De voorzieningenrechter heeft de minister ook veroordeeld in de proceskosten van verzoeker, vastgesteld op € 907,-. De uitspraak is gedaan door mr. N.M. van Waterschoot, voorzieningenrechter, en is openbaar gemaakt via een geanonimiseerde publicatie op rechtspraak.nl. Tegen deze uitspraak staat geen hoger beroep of verzet open.

Uitspraak

RECHTBANK DEN HAAG
Zittingsplaats Groningen
Bestuursrecht
zaaknummer: NL24.29081

uitspraak van de voorzieningenrechter in de zaak tussen

[naam] , V-nummer: [nummer] , verzoeker

(gemachtigde: mr.

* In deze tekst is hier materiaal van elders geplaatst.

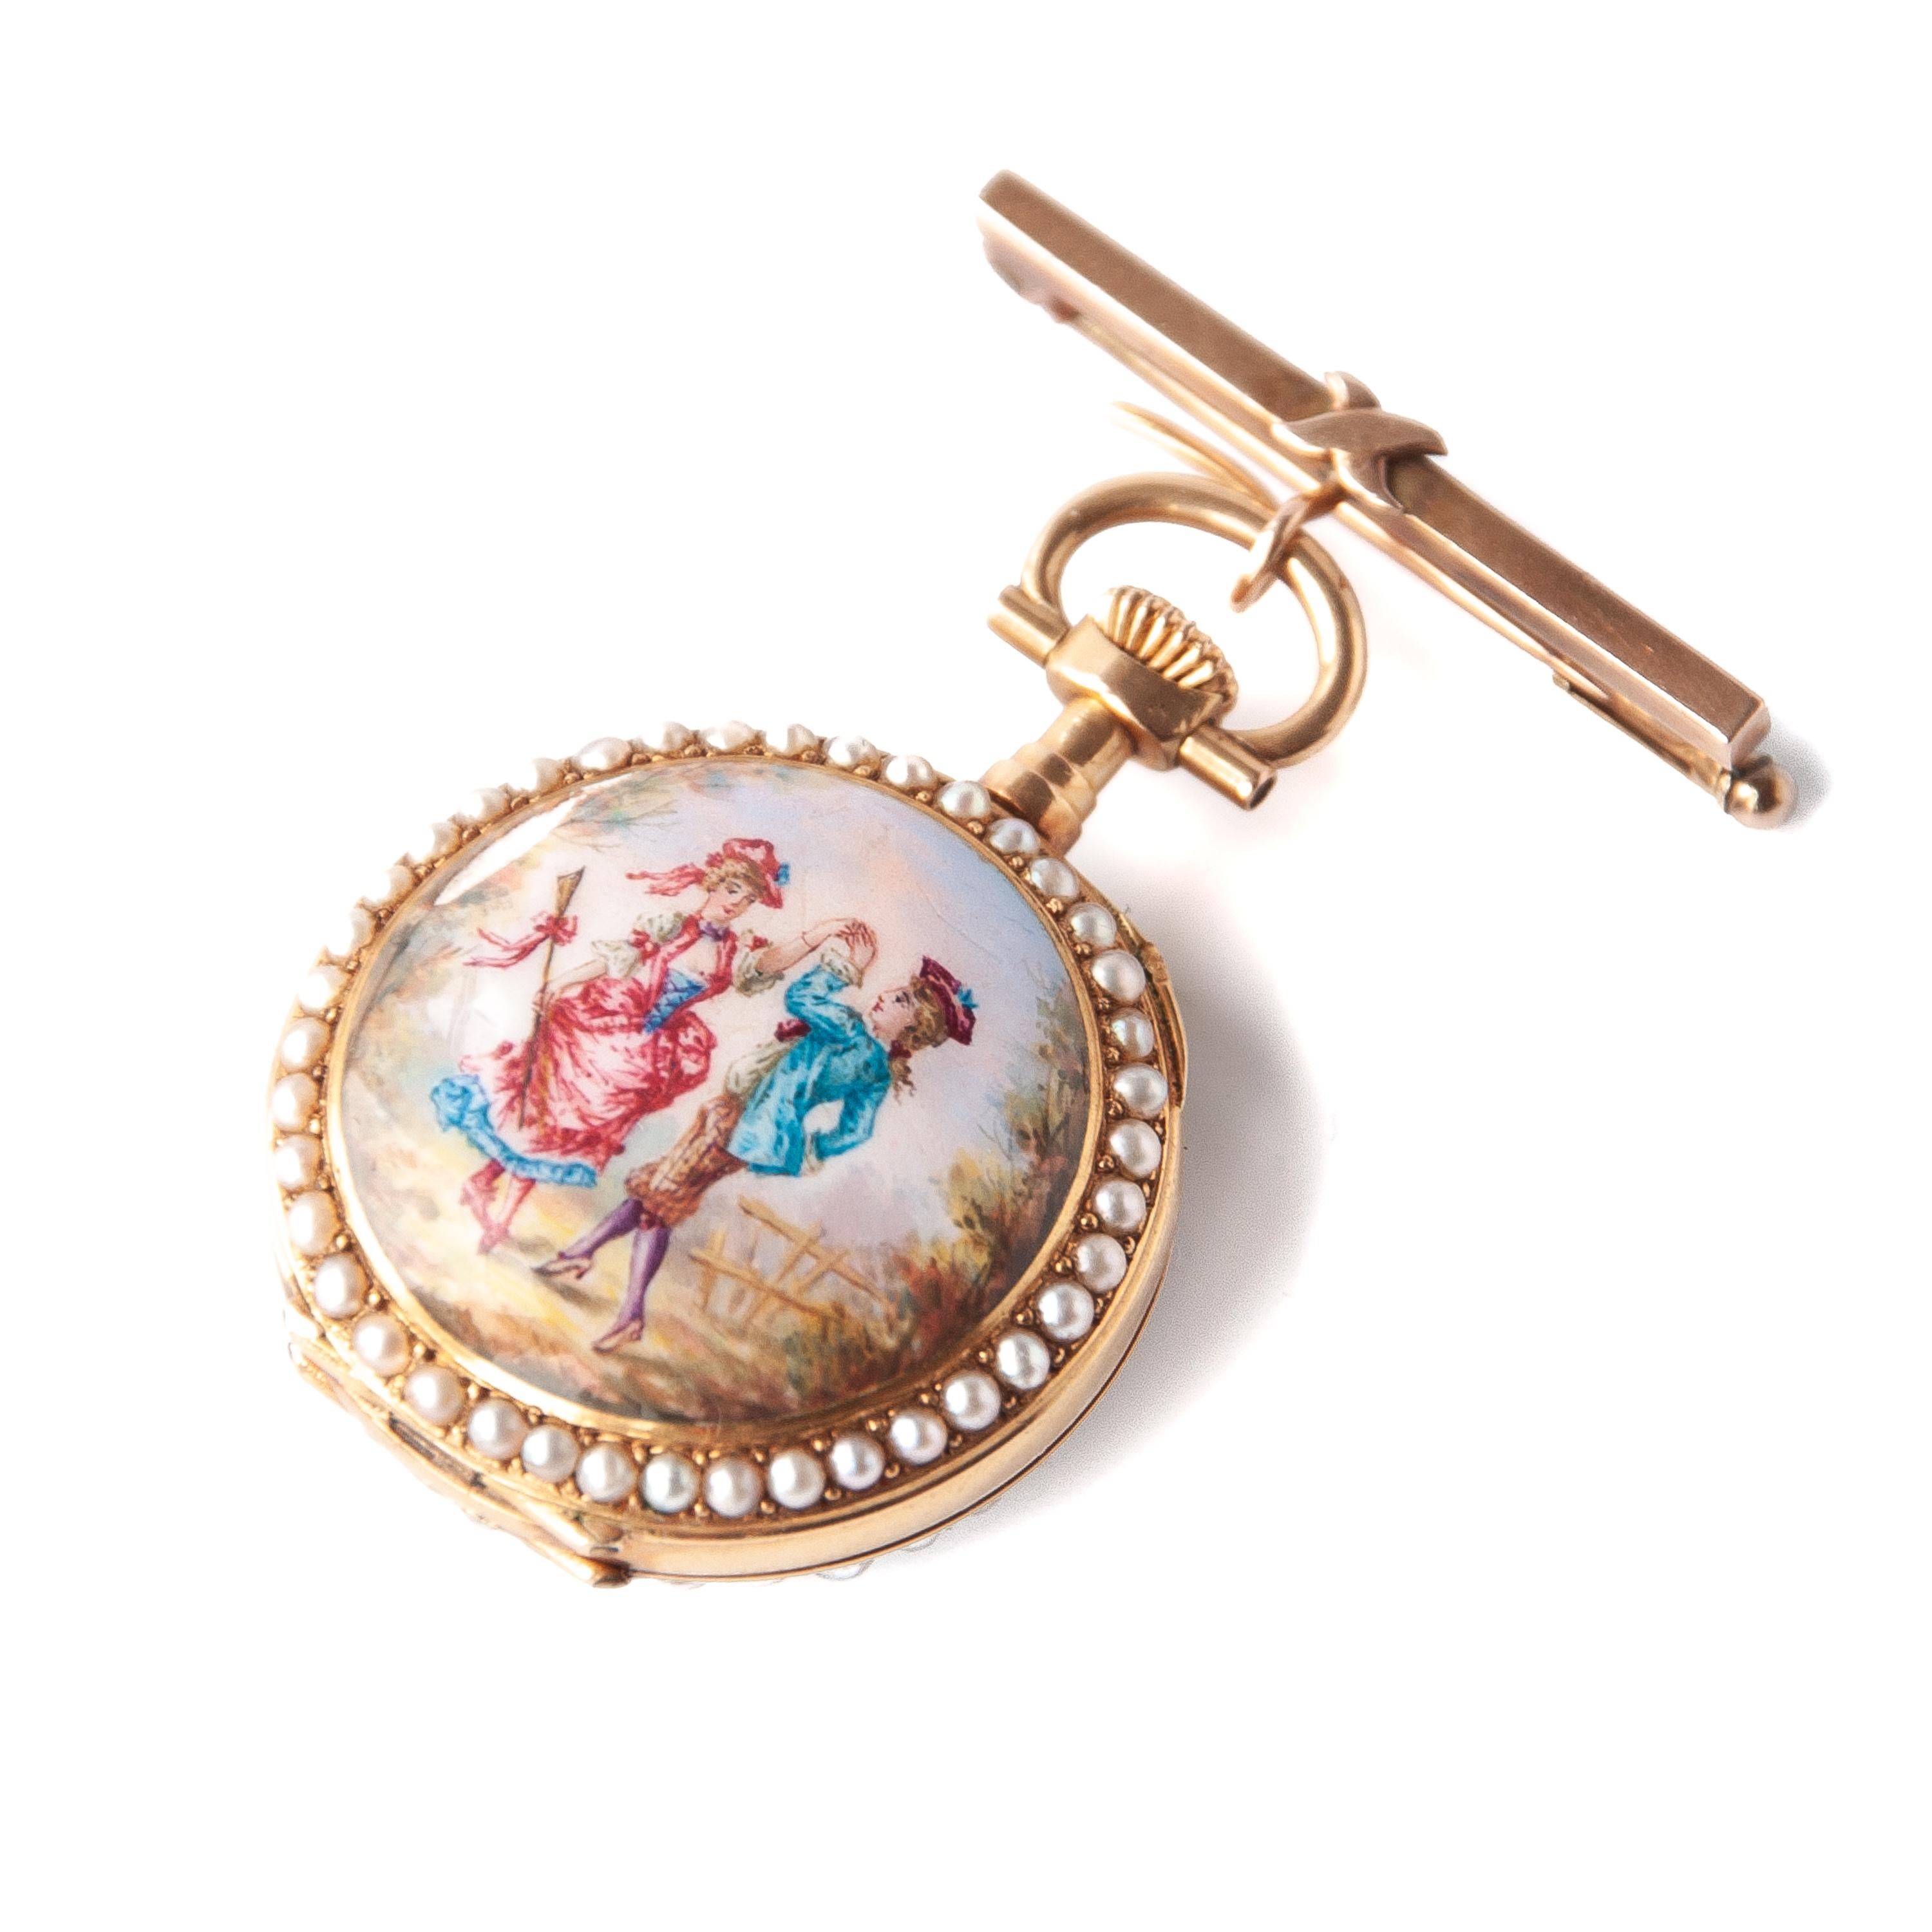 This nineteenth century 18 karat gold ladies pocket watch featuring a painted enamel scenery of a dancing couple. The watch is surrounded with seventy-seven seed pearls on both sides and can be worn as brooch. This elegant analogue ladies pocket

R.W.J.L. Loonen),
en

de minister van Asiel en Migratie, de minister.

Inleiding

1. Met het besluit van 12 juli 2024 heeft de minister besloten dat verzoeker niet in aanmerking komt voor tijdelijke bescherming op grond van de Richtlijn Tijdelijke Bescherming [1] en dat de bevriezingsmaatregel niet op hem van toepassing is. Verzoeker heeft hiertegen bezwaar gemaakt en op 22 juli 2024 de voorzieningenrechter verzocht om een voorlopige voorziening te treffen.
1.1.
Met het besluit van 11 november 2024 (het bestreden besluit) heeft de minister het bezwaar van verzoeker tegen het besluit van 12 juli 2024 kennelijk ongegrond verklaard.
1.2.
Verzoeker heeft op 4 december 2024 beroep ingesteld tegen het bestreden besluit. Dit beroep staat bekend onder zaaknummer NL24.48166. Het eerder ingediende verzoek om voorlopige voorziening geldt als een verzoek gedaan hangende het beroep bij de rechtbank.

Overwegingen

2. De voorzieningenrechter doet op grond van artikel 8:83, derde lid, van de Awb [2] uitspraak zonder zitting.
3. De rechtbank heeft op 17 februari 2025 de beroepszaak (NL24.48166) verwezen naar een meervoudige kamer die het beroep verder zal behandelen.
4. In het bestreden besluit staat onder het kopje ‘
Gevolgen van dit besluit’dat volgens de wet verzoeker nog steeds in Nederland mag verblijven, als hij de asielprocedure doorloopt. De gemachtigde van verzoeker heeft op 19 februari 2025 telefonisch aangegeven dat verzoeker de asielprocedure niet doorloopt. Gelet hierop en wat verzoeker in de gronden van het verzoek/het beroep heeft aangevoerd, ziet de voorzieningenrechter aanleiding het verzoek om een voorlopige voorziening toe te wijzen. Dit betekent dat verzoeker niet uit Nederland mag worden verwijderd, totdat op het beroep tegen het bestreden besluit is beslist.
5. De voorzieningenrechter veroordeelt de minister in de door verzoeker gemaakte proceskosten. Deze kosten stelt de voorzieningenrechter op grond van het Besluit proceskosten bestuursrecht voor de door een derde beroepsmatig verleende rechtsbijstand vast op € 907,- (1 punt voor het indienen van het verzoekschrift met een waarde per punt van € 907,- en een wegingsfactor 1).

Beslissing

De voorzieningenrechter:
- wijst het verzoek om een voorlopige voorziening toe;
- bepaalt dat de rechtsgevolgen van het bestreden besluit worden geschorst en dat verzoeker niet uit Nederland mag worden verwijderd totdat is beslist op het beroep met zaaknummer NL24.48166;
- dat de verstrekkingen aan verzoeker dienen te worden voortgezet;
- veroordeelt de minister in de proceskosten van verzoeker tot een bedrag van € 907,-.
Deze uitspraak is gedaan door mr. N.M. van Waterschoot, voorzieningenrechter, in aanwezigheid van mr. E.A. Ruiter, griffier, en openbaar gemaakt door middel van geanonimiseerde publicatie op rechtspraak.nl.
De uitspraak is bekendgemaakt op:
Tegen deze uitspraak staat geen hoger beroep of verzet open.

Voetnoten

1.Richtlijn 2001/55/EG
2.Algemene wet bestuursrecht.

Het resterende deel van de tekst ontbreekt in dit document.